Life and Poker

By Crispin Sartwell

 

In Vegas they're playing cards, and the person who emerges from a field of over 6,000 people to win this year's main event at the World Series of Poker is going to go home with something like ten million dollars.

    Driven by innovations that have made it possible to play on the internet and to watch card-playing like a sporting event on television - the commentators and viewers know as play unfolds what cards the players hold - poker has become gigantically popular, its best players mutating into worldwide superstars.

     But the game has always had this potential. It's kind of hyper-concentrated solution of human life. Success is driven by an inestimable combination of luck and skill, boldness and caution, truth and lies, practice and improvisation.

    Poker brings into play the romance of history, of old west card sharps, wiseguys in the back room, cheaters and wizards.

   The deck of cards itself constitutes a remarkable and enduring iconographic system, a hierarchy of roles and images that emphasizes the romance and danger always associated with gambling.  As the great card magician Jamy Ian Swiss puts it: "When you set a deck of cards down in front of most people, you invoke issues of chance, fate, skill, fortunetelling, money, power, love, and sex."

     Even as a mere physical object, a thing to be handled, a deck of cards and a stack of chips has a compelling quality - like a cigarette and a shot glass.

   The game which the poker world has settled on as its ultimate contest, no-limit Texas Hold 'Em, is remarkably simple and extraordinarily complex. The rules are easily stated - use two hole cards and five community cards to constitute the best possible five-card poker hand.

    But there is a library of books about Hold 'Em strategy and practically speaking there are infinitely many different possible situations at the table: combinations of cards, number and character of players.

    Traditionally, great poker players have subtle psychologists: crusty backroom bastards who know from the way you blink what cards you're holding, maybe even people who know when the moment is ripe to palm a card or deal the second card on the deck: existentialists, risking their lives and fortunes in a deep acknowledgment of and manipulation of uncertainty.

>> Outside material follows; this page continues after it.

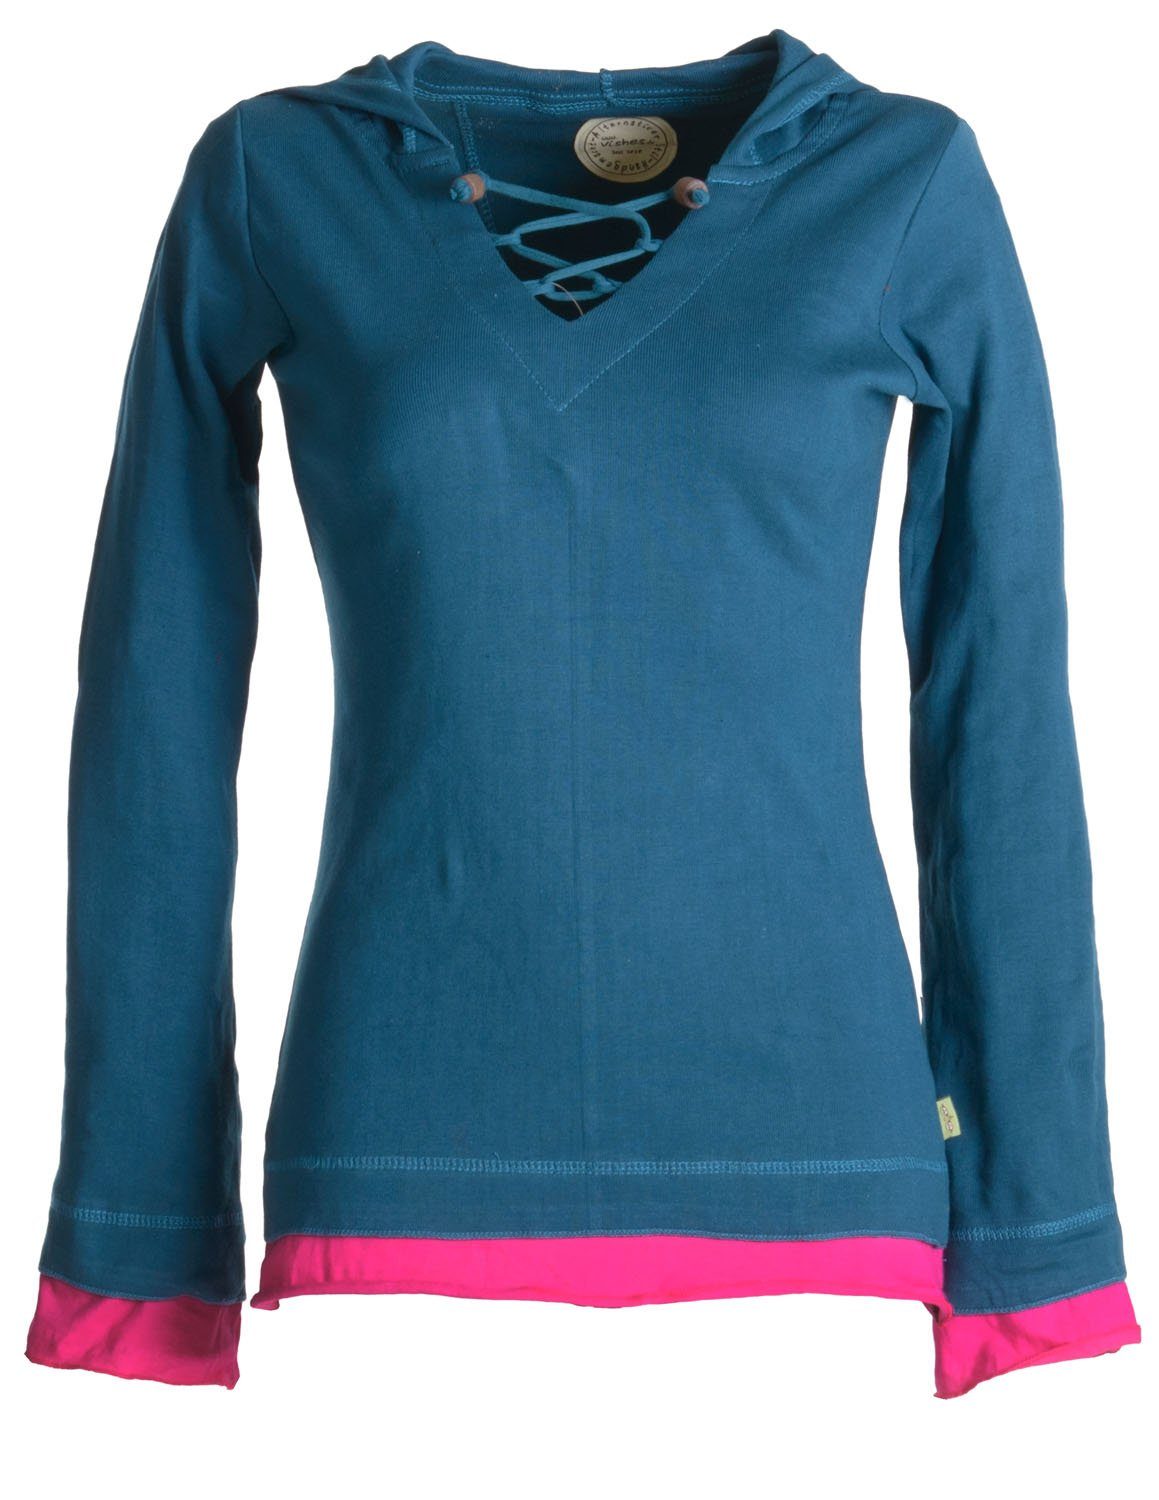 Vishes Zipfelshirt Lagenlook Longsleeve Shirt mit Zipfelkapuze Hoodie, Sweater

   Internet play has tended to reward another kind of player: technicians and rationalists who have played hundreds of thousands of hands in a relatively brief time, most of them mediated by computer so that they can't even read the eyes of their opponents.  (But even on the internet there are "tells": how long it takes the player to bet, for example, or even the history of his folds.)

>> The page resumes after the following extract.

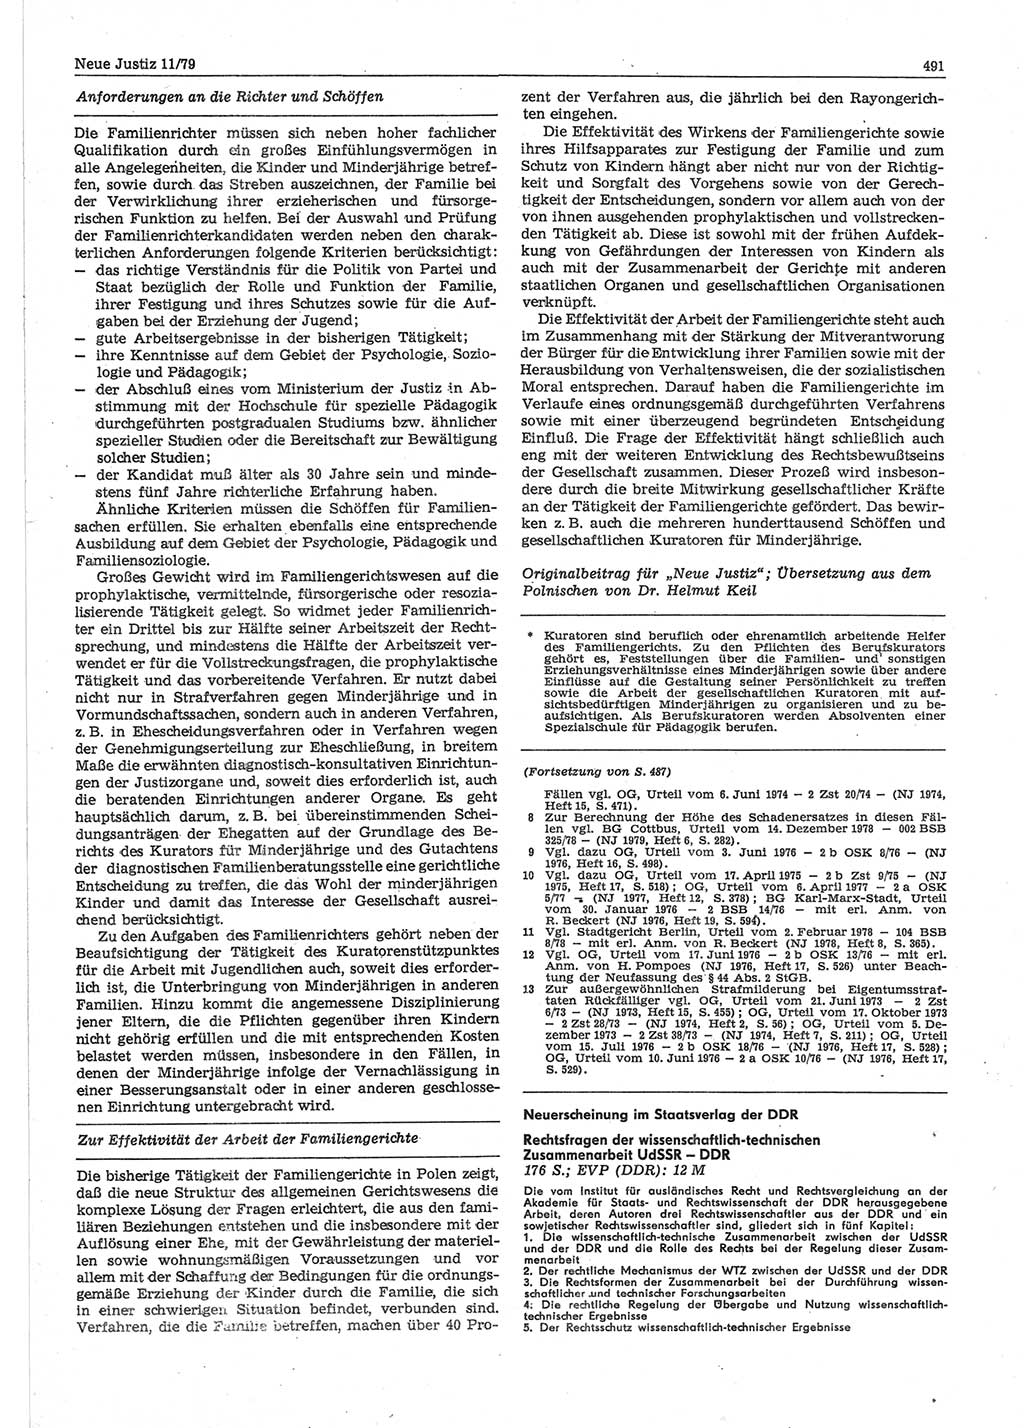 Neue Justiz (NJ), Zeitschrift für sozialistisches Recht und Gesetzlichkeit [Deutsche Demokratische Republik (DDR)], 33. Jahrgang 1979, Seite 491 (NJ DDR 1979, S. 491)

    Still, you can bet that the person who wins this year's world series is going to have an extraordinary mixture of these traits. He's (all hes so far among the victors, though more and more women among the players) going to vibe the moment when he can steal a pot with a ridiculous bluff or when he has to fold his pair of queens, but he's also going to be furiously calculating the objective odds of making his straight.

   "S.W. Erdnase"  - author of "The Expert at the Card Table," the classic1902 treatise on card cheating - said of his book "it will not make the innocent vicious, or transform the pastime player into a professional; or make a fool wise, or curtail the annual crop of suckers; but whatever the result may be, if it sells it will accomplish the primary motive of the author, as he needs the money."

   That's a pretty good summary in poker terms of the basic dimensions of human personality: innocence and evil, incompetence and skill, foolishness and wisdom, gullibility and trust: and of course, greed and need..

    But there's one difference between poker and the rest of life that makes for great television. With all poker's subtlety and ambiguity, at the end ten million dollars in cash will be dropped on the table and someone will gather it toward himself in an ecstatic victory. Life itself never ends quite that beautifully.